- _Action item_
In the copy, keep every word of the data below and none of its pictures.

- _Dataset content_
▽
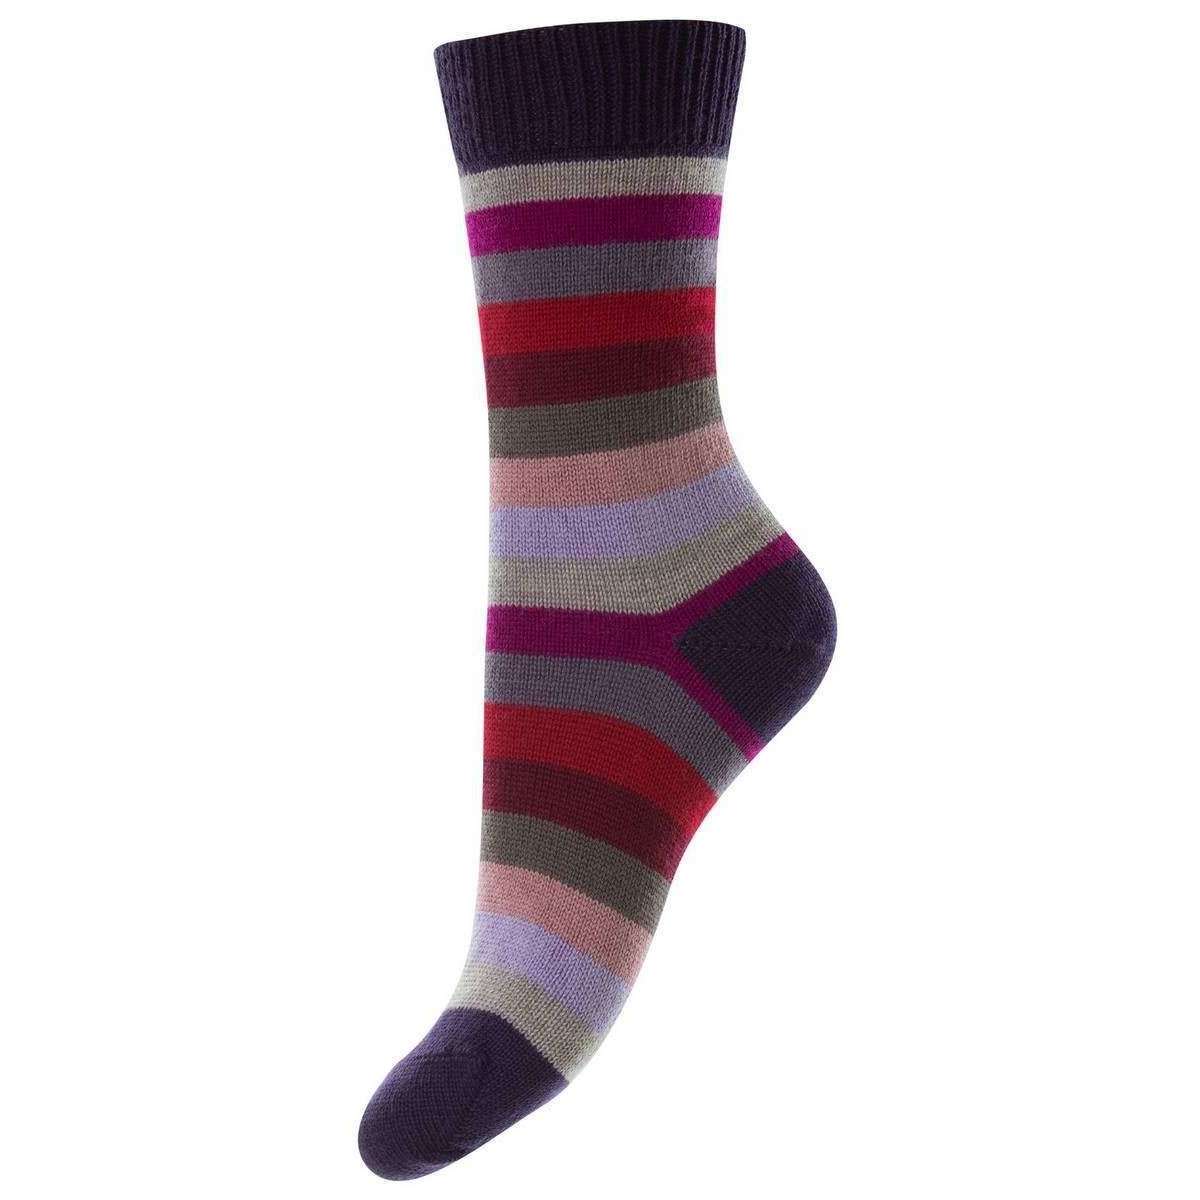 Pantherella Suzannah Multi Stripe Merino Wool Socks - Blackberry Purple/Pink
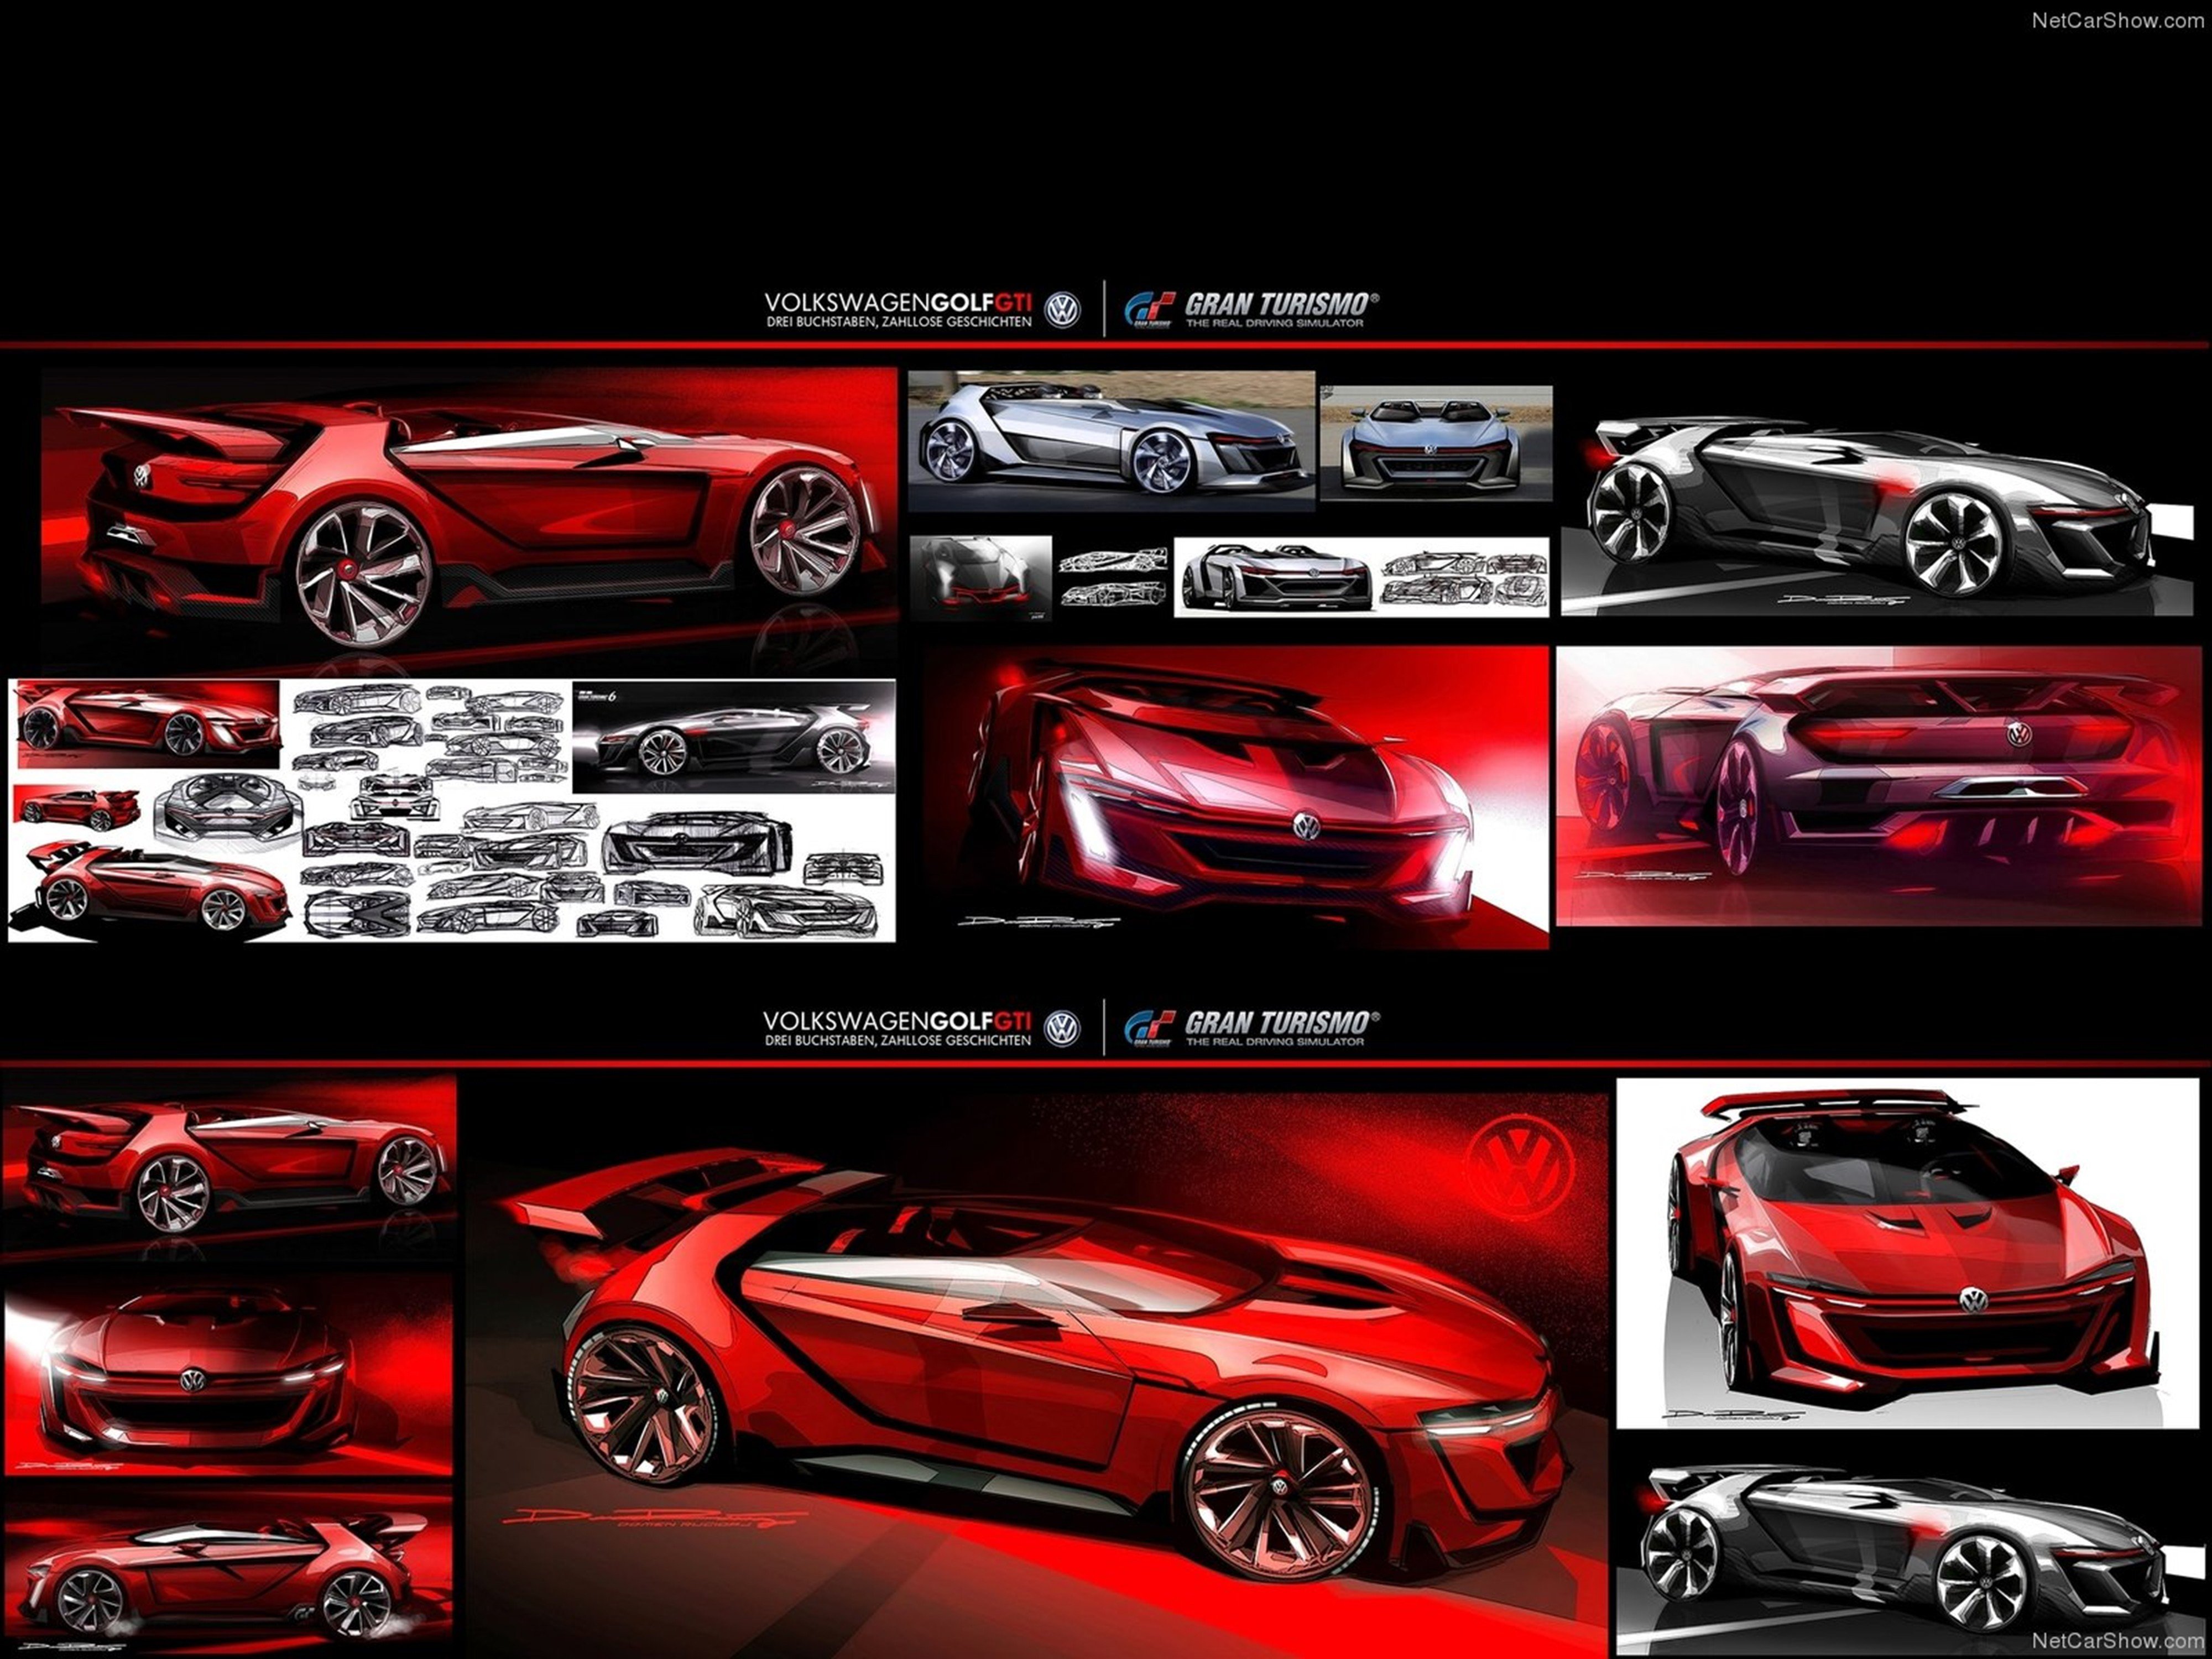 volkswagen, Gti, Roadster, Concept, 2014, Car, Supercar, Germany, Playstation, Wallpaper, Game, 4000x3000 Wallpaper
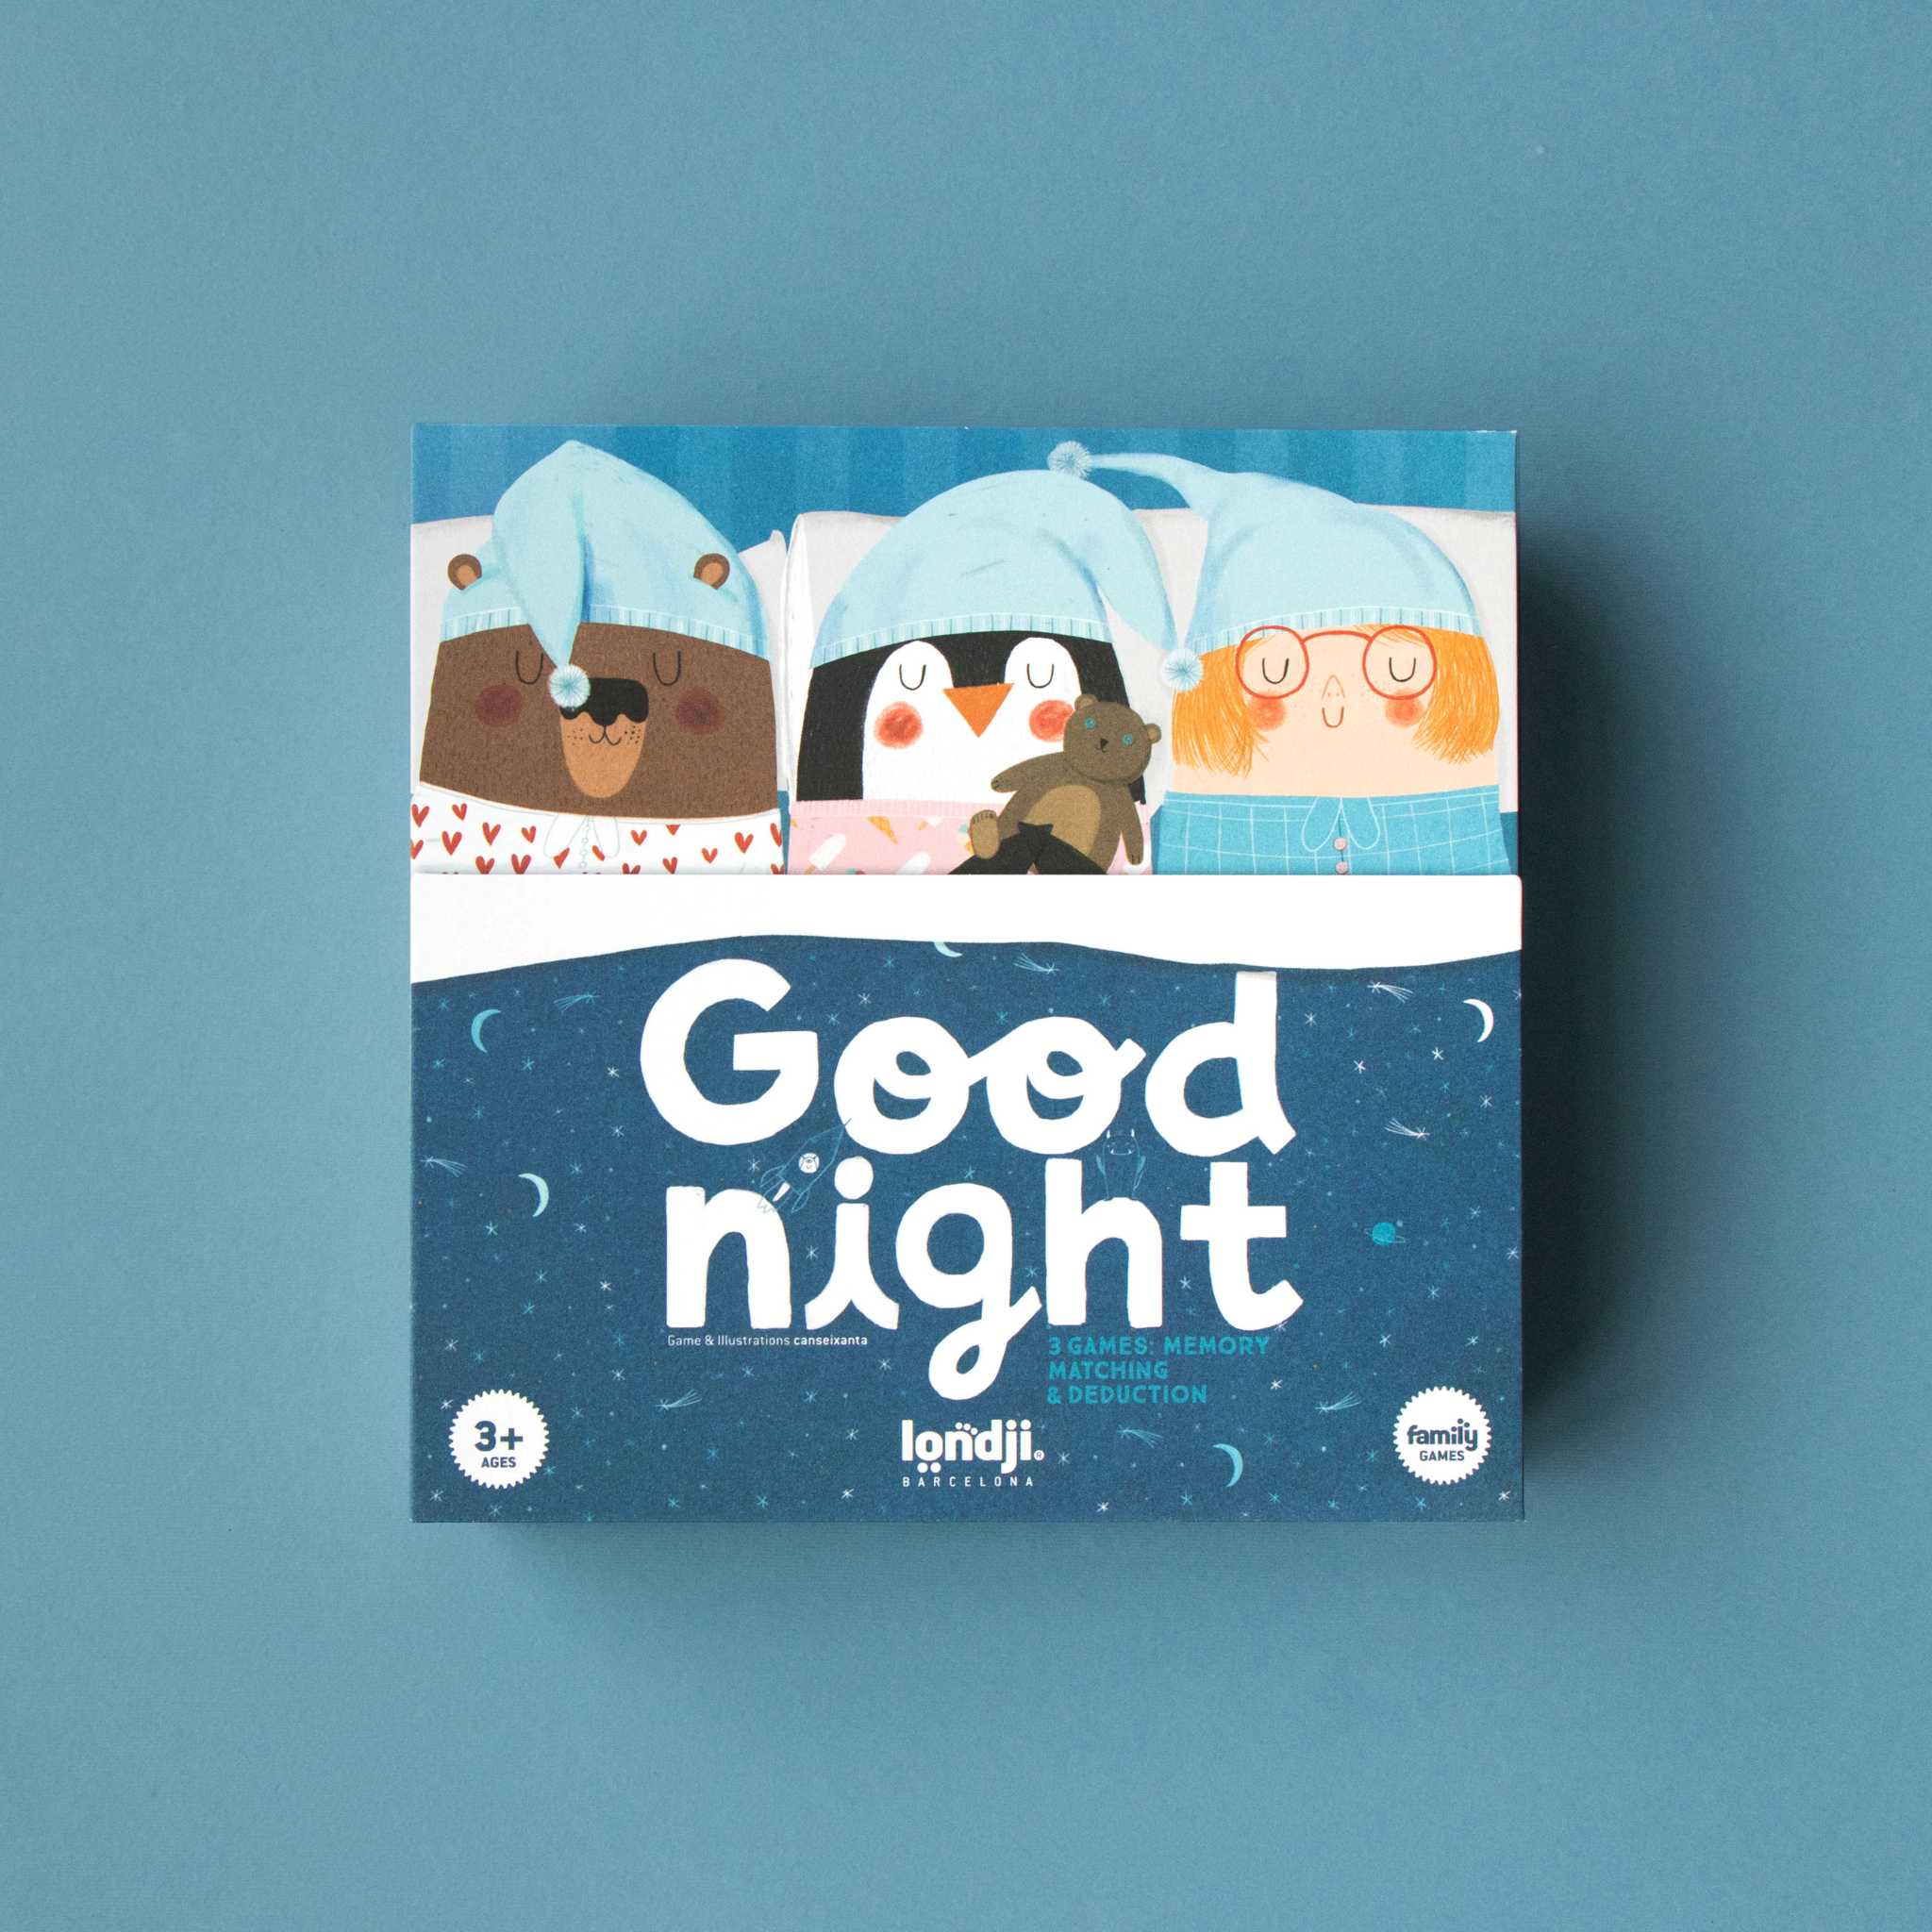 Londji Goodnight Game Front Of Box
△
- _Result_
 Pantherella Suzannah Multi Stripe Merino Wool Socks - Blackberry Purple/Pink
 volkswagen, Gti, Roadster, Concept, 2014, Car, Supercar, Germany, Playstation, Wallpaper, Game, 4000x3000 Wallpaper
 Londji Goodnight Game Front Of Box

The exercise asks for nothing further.